Searching For Forever came slowly. I was twenty-five when I started it and twenty-eight when it was finally submitted. I never intended for it to get published. It was just something fun to do that helped me escape from some difficult personal relationships I was dealing with. It took years, because I’d go six months at a time without touching it while I was taking all of my pre-med classes. Then, I’d pick it up again and work on it for a while. My second book, Same Time Next Week, took about two months to write. I didn’t know where it was going or how it was going to end. I just kept writing. I find it easier to just let the scenes and storyline move themselves along instead of outlining everything, although I always have a rough sketch in mind.
What makes Searching for Forever special to you?
For starters, it’s my first book. What’s not special about that? There’s no feeling that can compare to opening that box with your first advance copies in it and seeing your work printed! But aside from that, I’m really attached to these characters. Especially Charlie. They became extensions of me over time. I wrote Searching For Forever, at least in the beginning, as a way to lose myself in this fantasy world where I could have my dream job, my dream partner… It was intoxicating. And I wrote it at a very pivotal time in my life. Your early twenties are full of change and self-actualization, and this book sort of represents all of that to me.
How much of yourself and the people you know are in your characters?
I always say that Charlie is everything I wished I were at twenty-five. She’s brilliant, attractive, charming, tough, and, of course, able to win over every woman who comes her way. I certainly wouldn’t be bold enough to say I think of myself as Charlie! But I would say she was exactly who I wanted to be when I was younger—sort of an idealized version of myself. Charlie is a paramedic trying to go to medical school. I was an EMT trying to go to medical school. I also tend to use people I know as outlines for my characters, although over time, they definitely morph into something else.
Which gay/lesbian authors inspired you the most?
I swear I’m not saying this because she’s my “boss.” But when I first came out, one of my older lesbian friends suggested I read one of Radclyffe’s books that was based in Provincetown. Because I’d just been to P-Town for the first time, I figured why not. I actually bought the first book in Rad’s P-Town series at Womencrafts right on Commercial while I was there that summer. I read it the entire three-hour ride home. Since then, I’ve read dozens of Rad’s books. She is definitely the one who inspired me to write Searching For Forever. And I was pretty thrilled that I ended up published by BSB.
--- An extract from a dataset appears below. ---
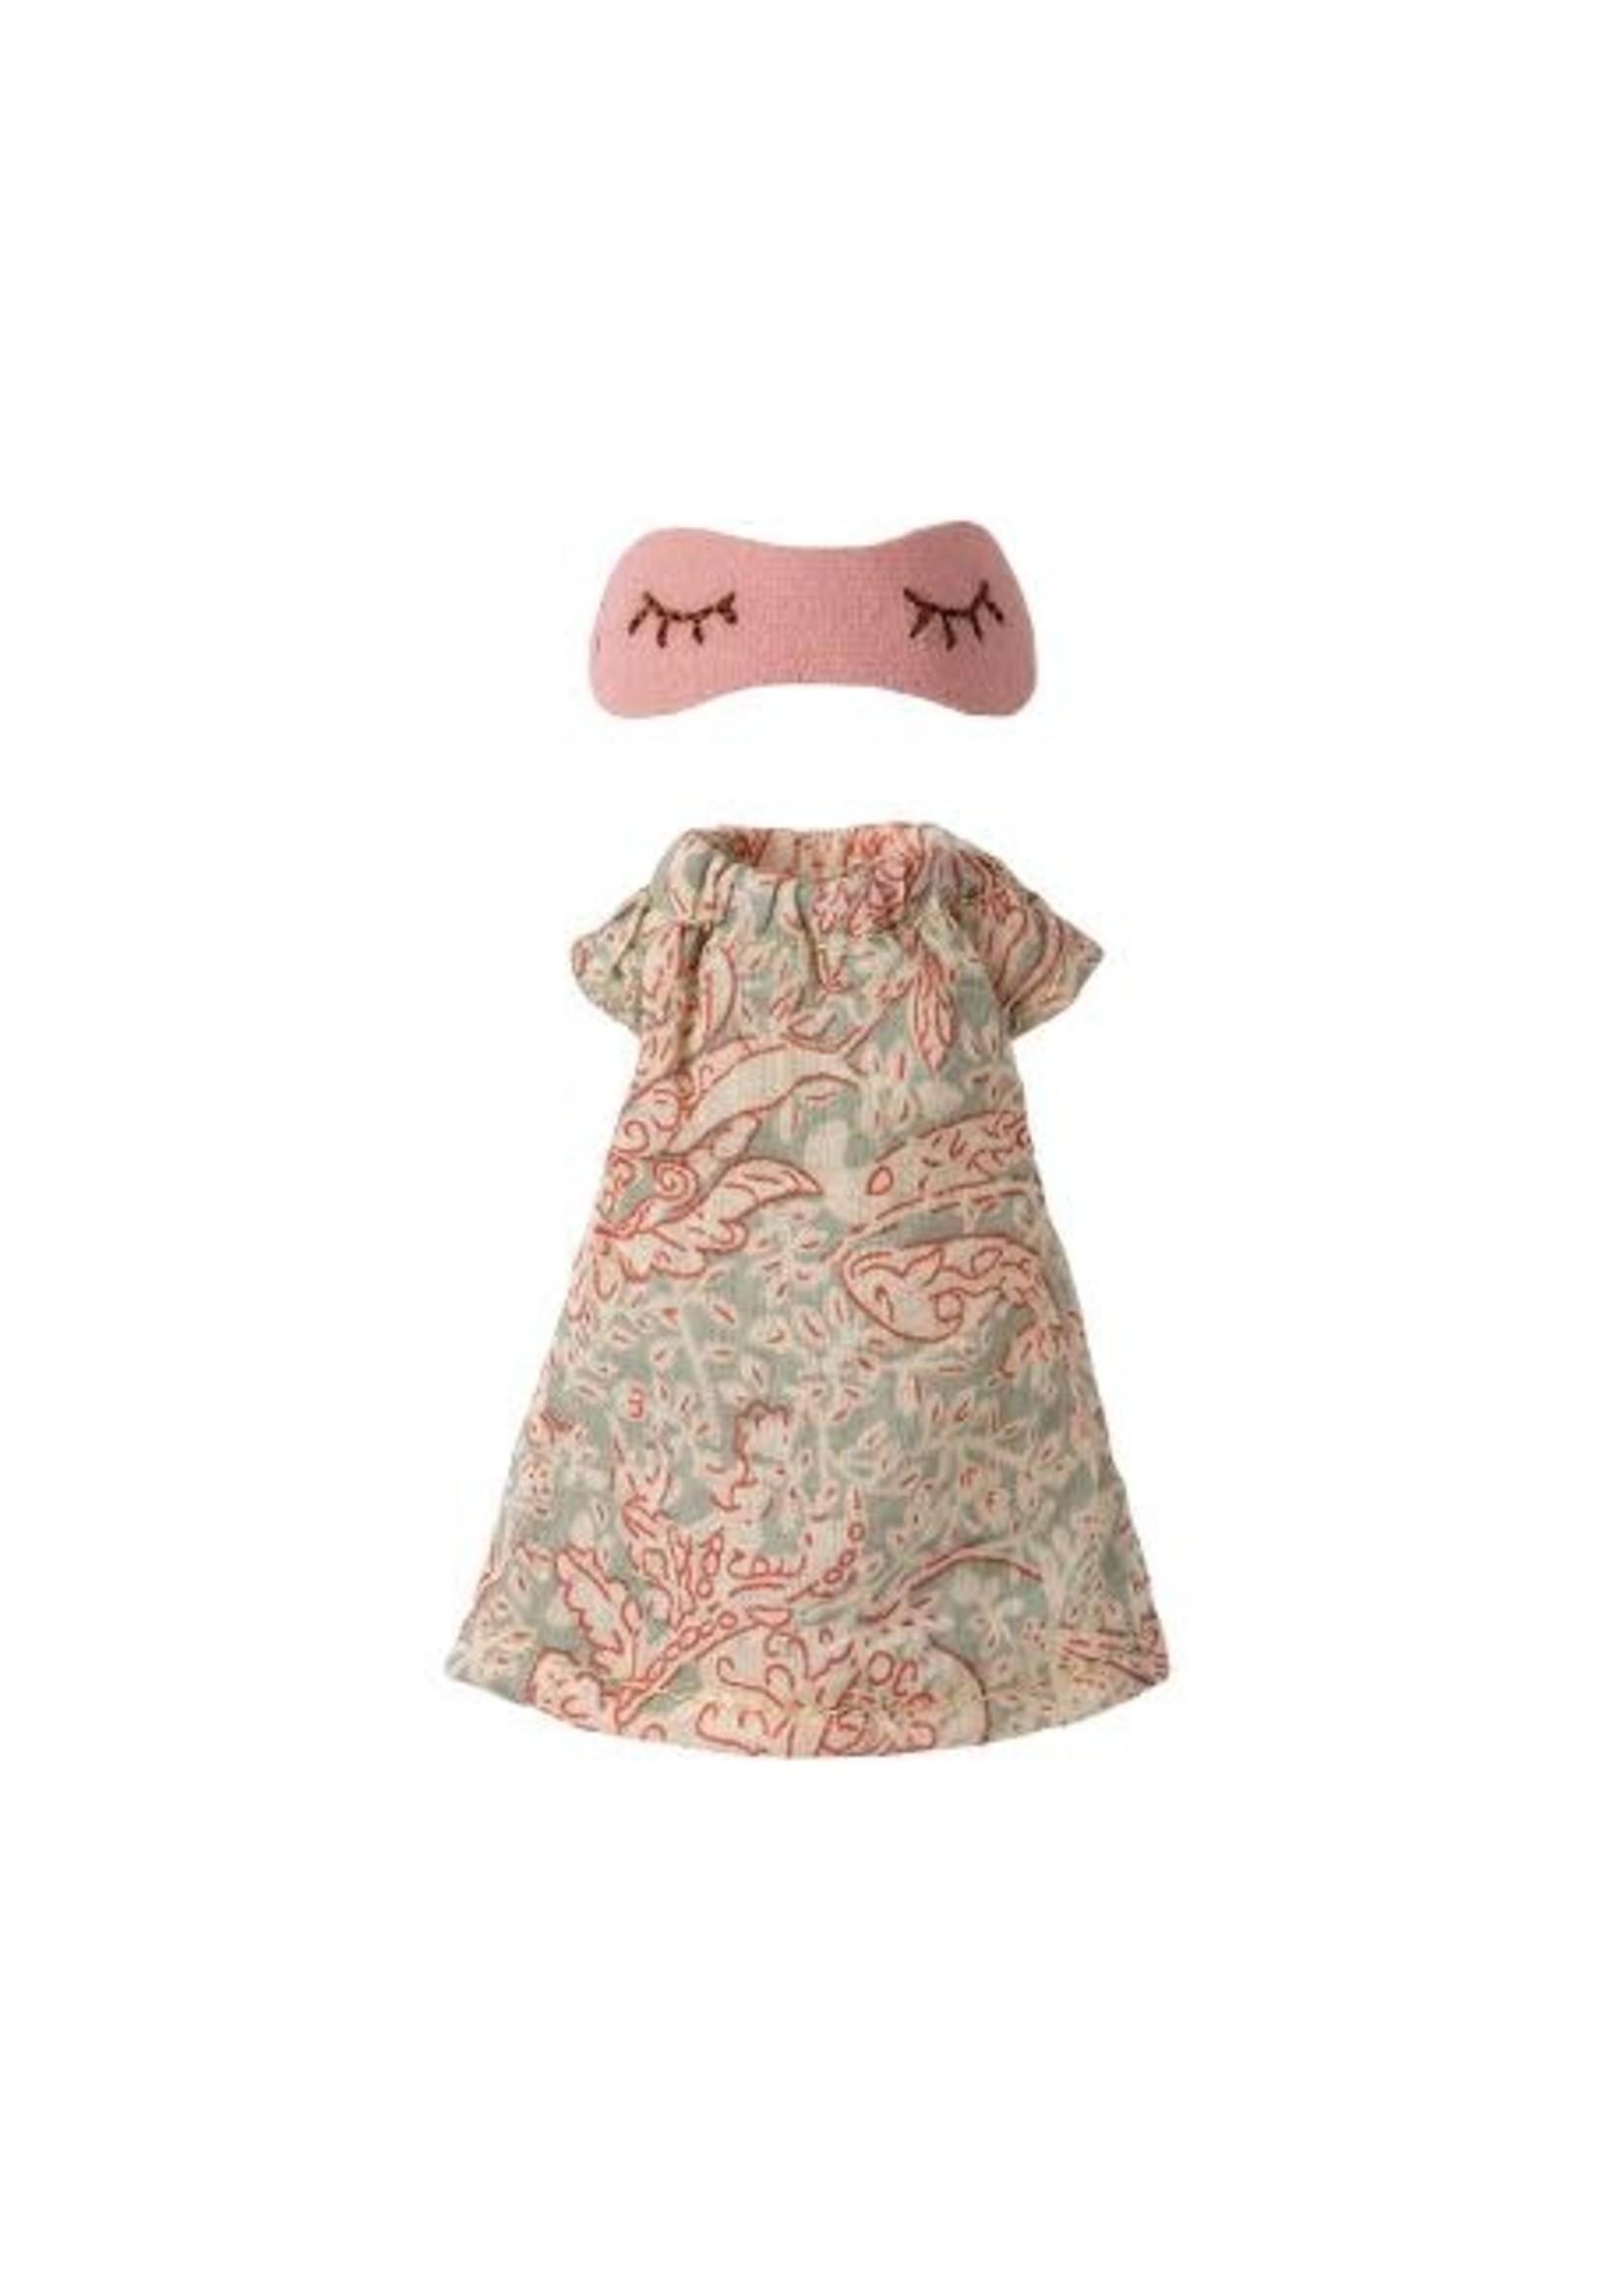 Maileg Mum & Dad Clothes - Nightgown for Mum

Do you have a favorite of this author(s)?
So much of the LGBT work published by BSB is incredible. I also really got into the Best Lesbian Romance series. However, most of what I read these days comes in the form of a heavy textbook or medical journal!
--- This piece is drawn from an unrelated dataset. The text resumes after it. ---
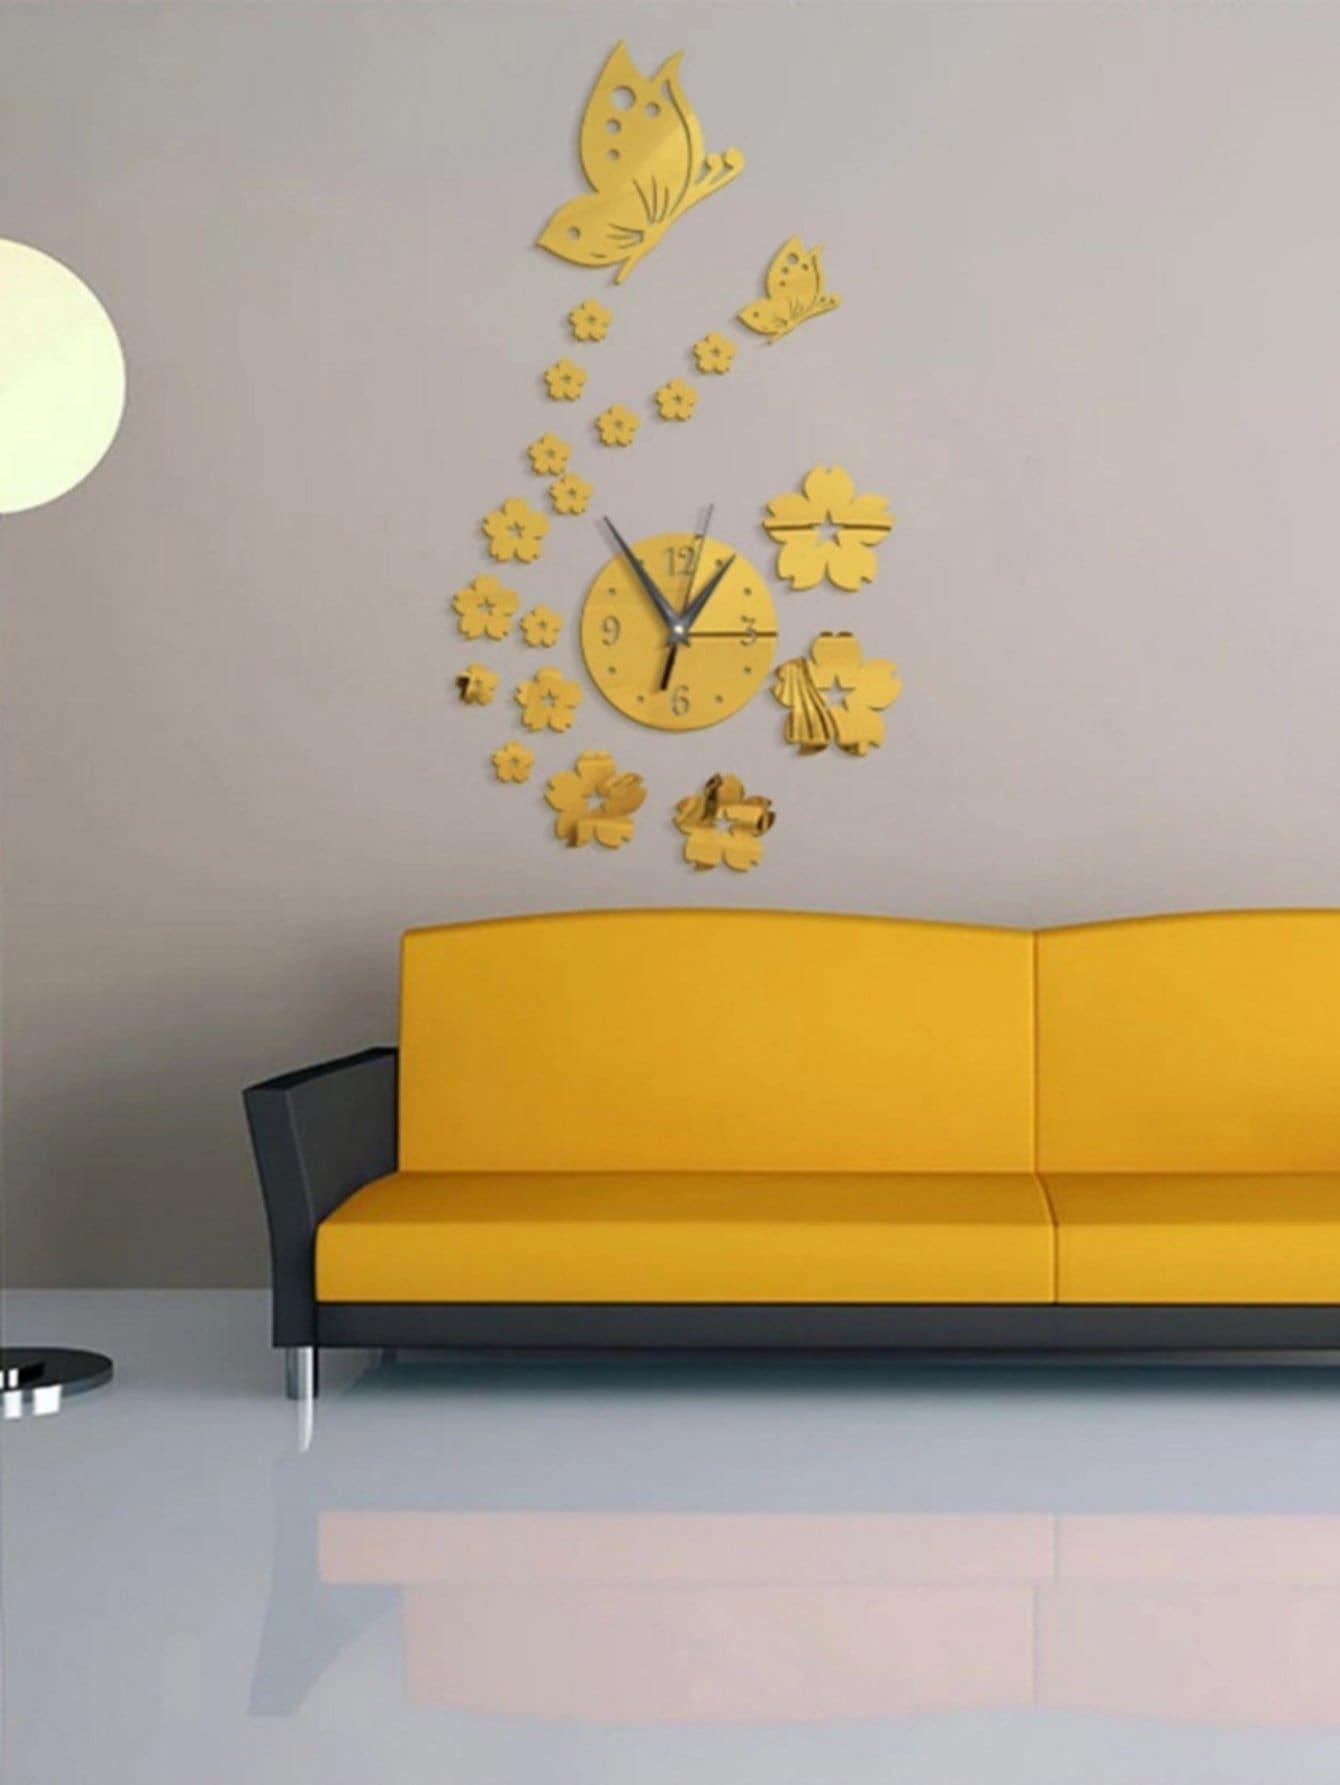 Flower & Clock Mirror Wall Sticker 20pcs -SheIn(Sheinside)

Do you have any suggestions for new writers?
Don’t sell yourself short. I never believed my mom when she told me I could get published one day. And submitting to BSB was a complete crapshoot. Write what you know, write what you love, and the story will unfold on its own. Also, don’t be afraid to put something away when you’re having writer’s block. I’ve been working on my third novel for months now and just can’t seem to get past a certain point. I find that when I force it, there’s a very obvious lack of both flow and quality. Come back to it at another time. It will still be there.
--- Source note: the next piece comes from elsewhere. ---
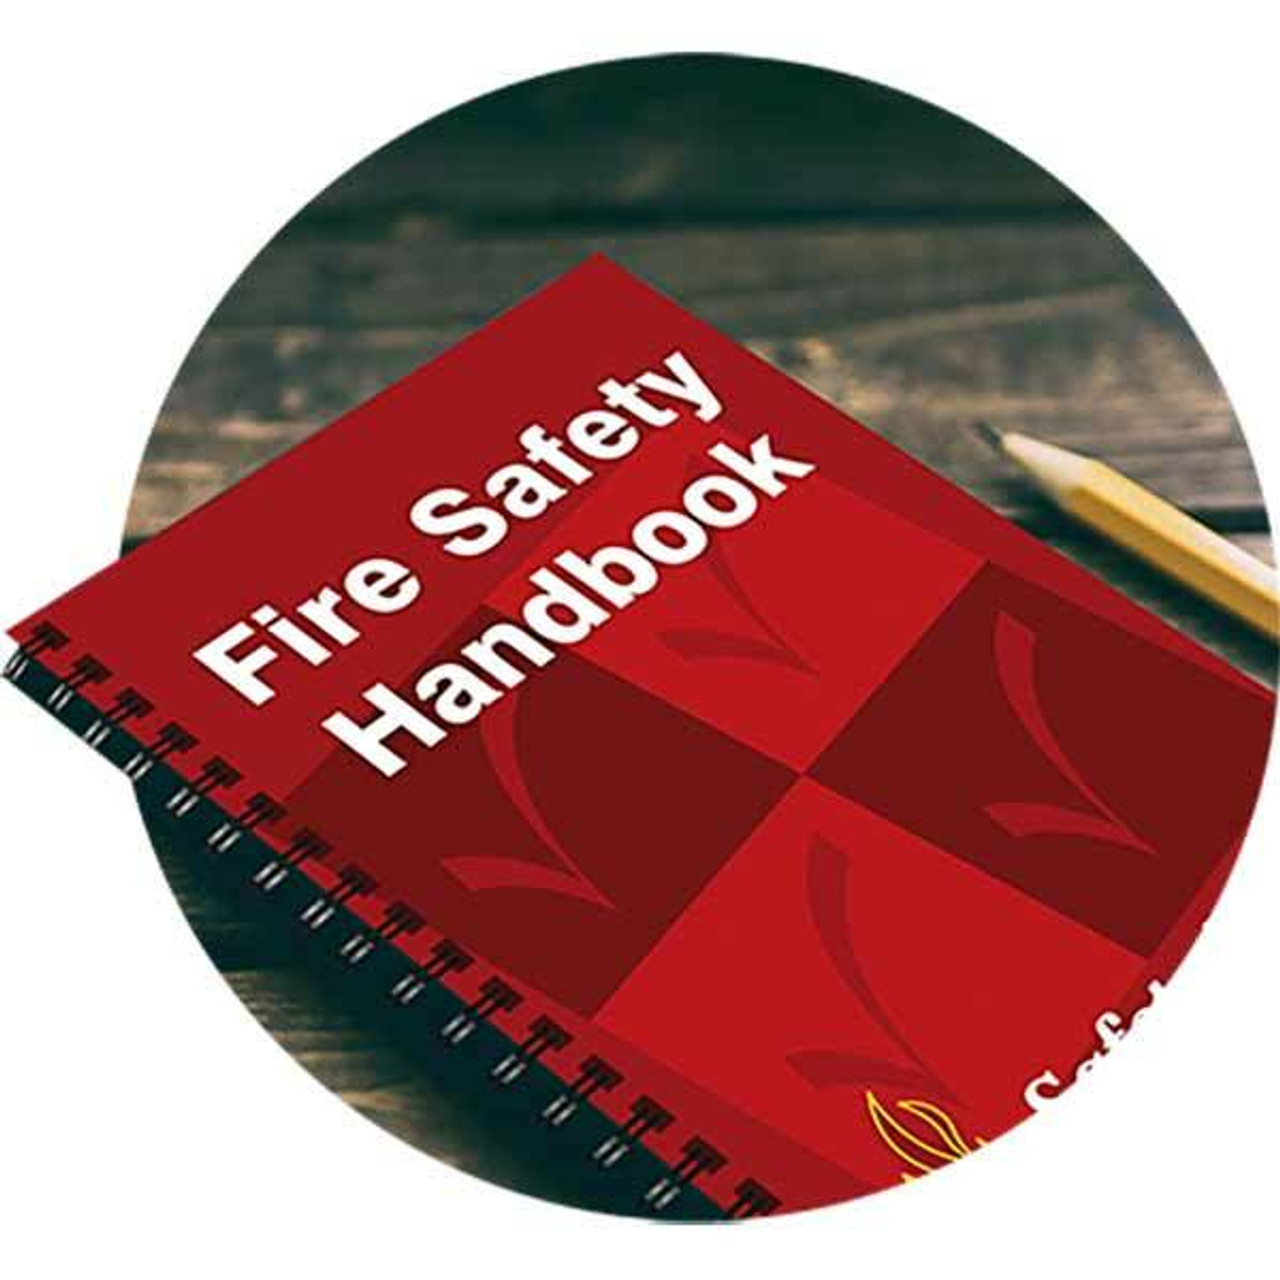 Log Books, Compliance & Codes

When you’re not writing what do you do for fun?
Well, “fun” might not be the right word! No, really. I spend most of my time these days studying medicine. To me, that is fun, but probably not what you mean in this context! Writing is my hobby. But when I’m done with school, I’d like to get a motorcycle again. I’ve also been known to dabble in guitar, and I play a (very) little hockey in the winter in an all-women’s league (where I’m the youngest by about ten years).